Overall, the study quality of included studies was rather low for all outcome variables. Therefore, more high-quality research should be conducted in the future in order to draw valid conclusions about the effects of insufficient sleep on daytime functioning. The finding that the majority of reviews/meta-analysis investigated weight gain/obesity, whereas cognitive functioning, for example, appeared in much fewer numbers, especially if compared in numbers of participants that were included in the studies, could be partially due to practical and financial constraints that are inherent to measuring cognitive functioning in large cohorts. However, the inherent complexity of measuring cognitive functioning could be argued to be present as well in measuring sleep. As discussed above, sleep duration in most reviews/meta-analyses was measured with single-item questions, which disregards chronicity, quality, variability, fragmentation, timing, and individual sleep need. Moreover, measuring weight gain/obesity requires more than a single item on a questionnaire and can be regarded as a somewhat labor-intensive measure. It seems that especially in larger cohort studies that adopt such single-item questions on sleep duration, this complexity has been underestimated.
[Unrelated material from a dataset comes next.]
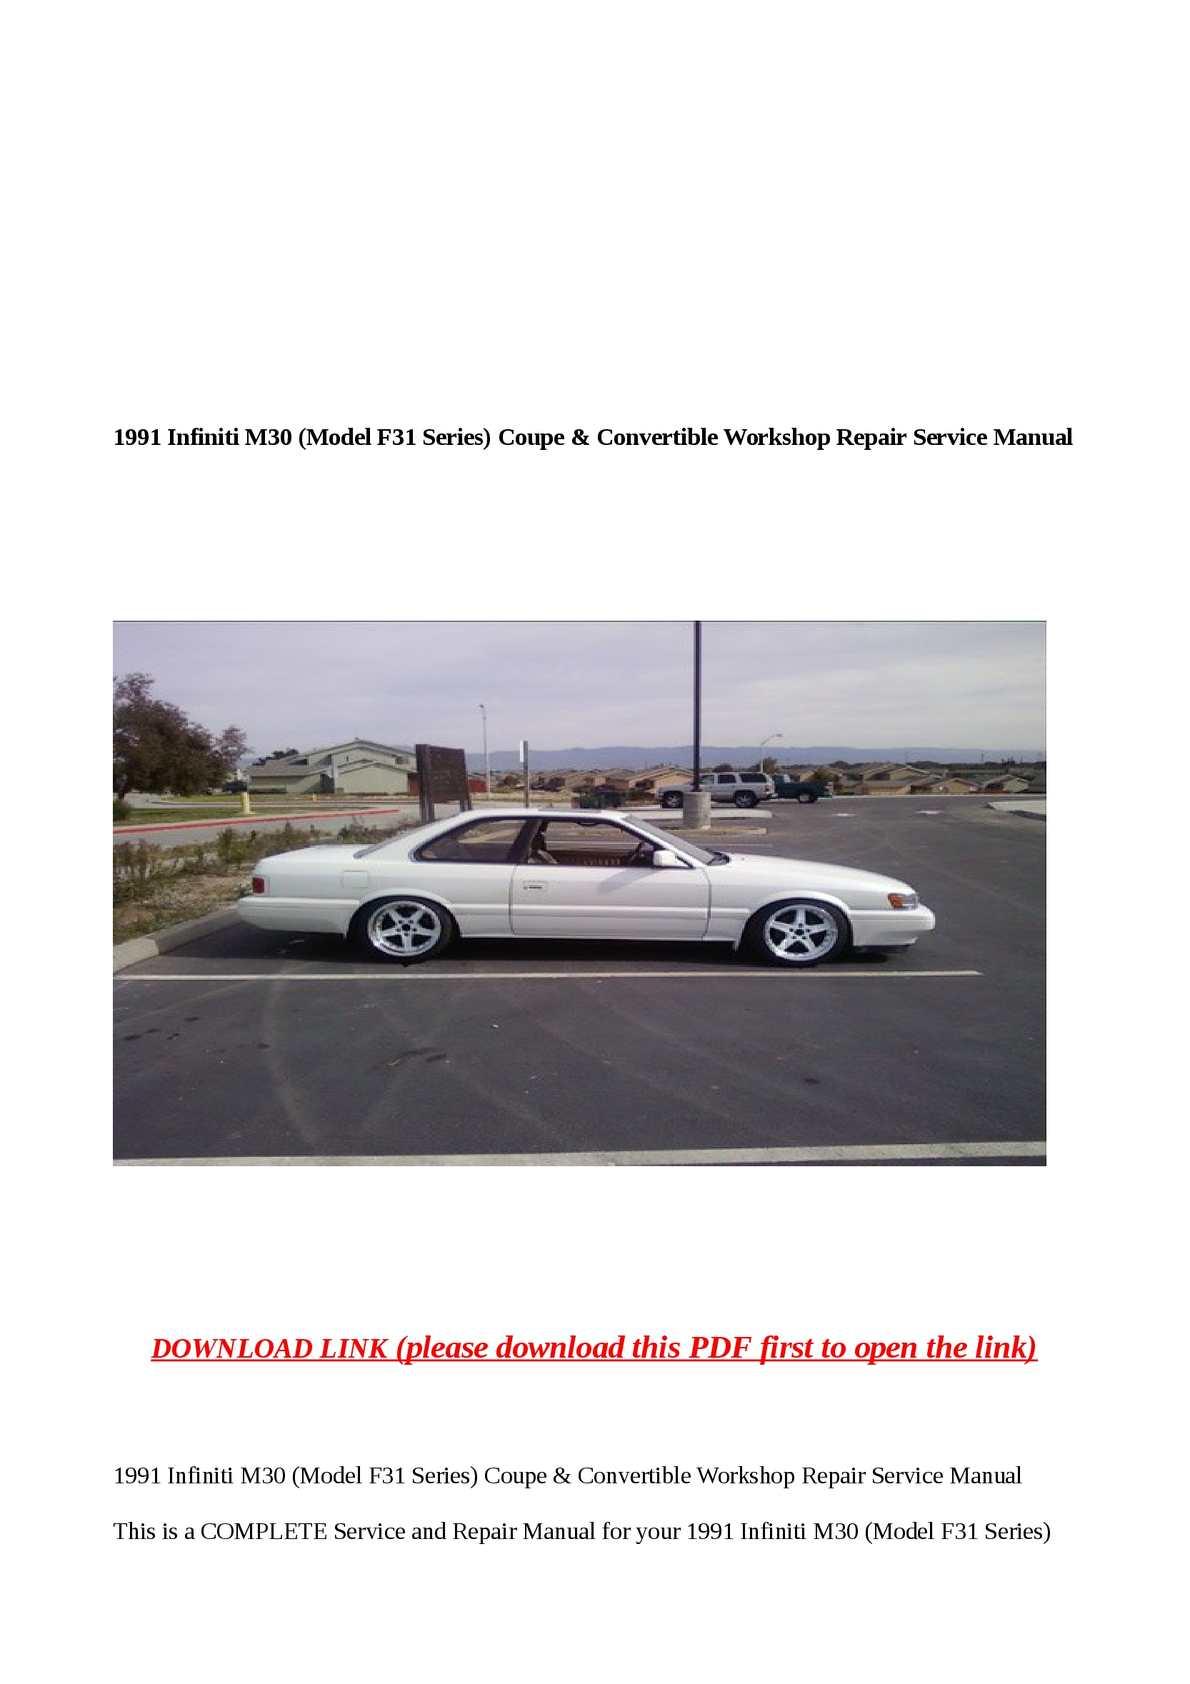 Calaméo - 1991 Infiniti M30 (Model F31 Series) Coupe & Convertible Workshop

It is therefore highly recommended to adjust the method of sleep measurement in epidemiological studies, which is in concurrence with previous recommendations [57, 58].

Limitations

The following limitations should be mentioned: (1) there is a big heterogeneity not only between original studies but also between the included systematic reviews and meta-analyses, which makes it difficult to directly compare the results; (2) many studies measure sleep duration with one single item, which may lead to biased results; (3) the study quality of most studies was rather low; (4) as we included only previous systematic reviews or meta-analyses rather than original studies, lacking evidence on some outcome domains (e.g., behavioral problems, emotional problems) may either result from a small number of original studies, representing a research gap in this area, or from a lack of reviews on this topic; (5) the results clearly demonstrate a lack of definitions for chronicity of insufficient sleep and it was therefore impossible to provide a definition of chronic sleep reduction, which (as stated in the introduction) is highly needed for future research and clinical practice.

Future Directions and Research Agenda

We highly recommend more studies that aim to define the chronicity of insufficient sleep. This first attempt should be to experimentally clarify the dose-response relationship between insufficient sleep and outcome variables, followed by more naturalistic, quasi-experimental studies in individuals’ daily life and natural environment. Additionally, influential factors, including mediating, and moderating effects, and health disparities between different socio-demographic populations, should be assessed. We also recommend focusing more on resilience and protective factors that may buffer the negative effects of insufficient sleep. More knowledge on these topics is highly relevant for future prevention and intervention studies that aim to improve daytime functioning and physical and/or psychological health by improving individuals’ sleep. Regarding outcomes, we recommend further research on areas that have been demonstrated to be affected by sleep reduction in experimental research, but are largely lacking in cohort studies, such as emotional and behavioral problems, and cognitive functioning. Furthermore, research should focus to develop more specific and clear evidence-based guidelines on chronic sleep reduction and its effects, and develop validated measures that can replace the existing methods in larger epidemiological or cohort studies. Such guidelines would be helpful for future research, as they would help to make studies more comparable and guide clinical practitioners.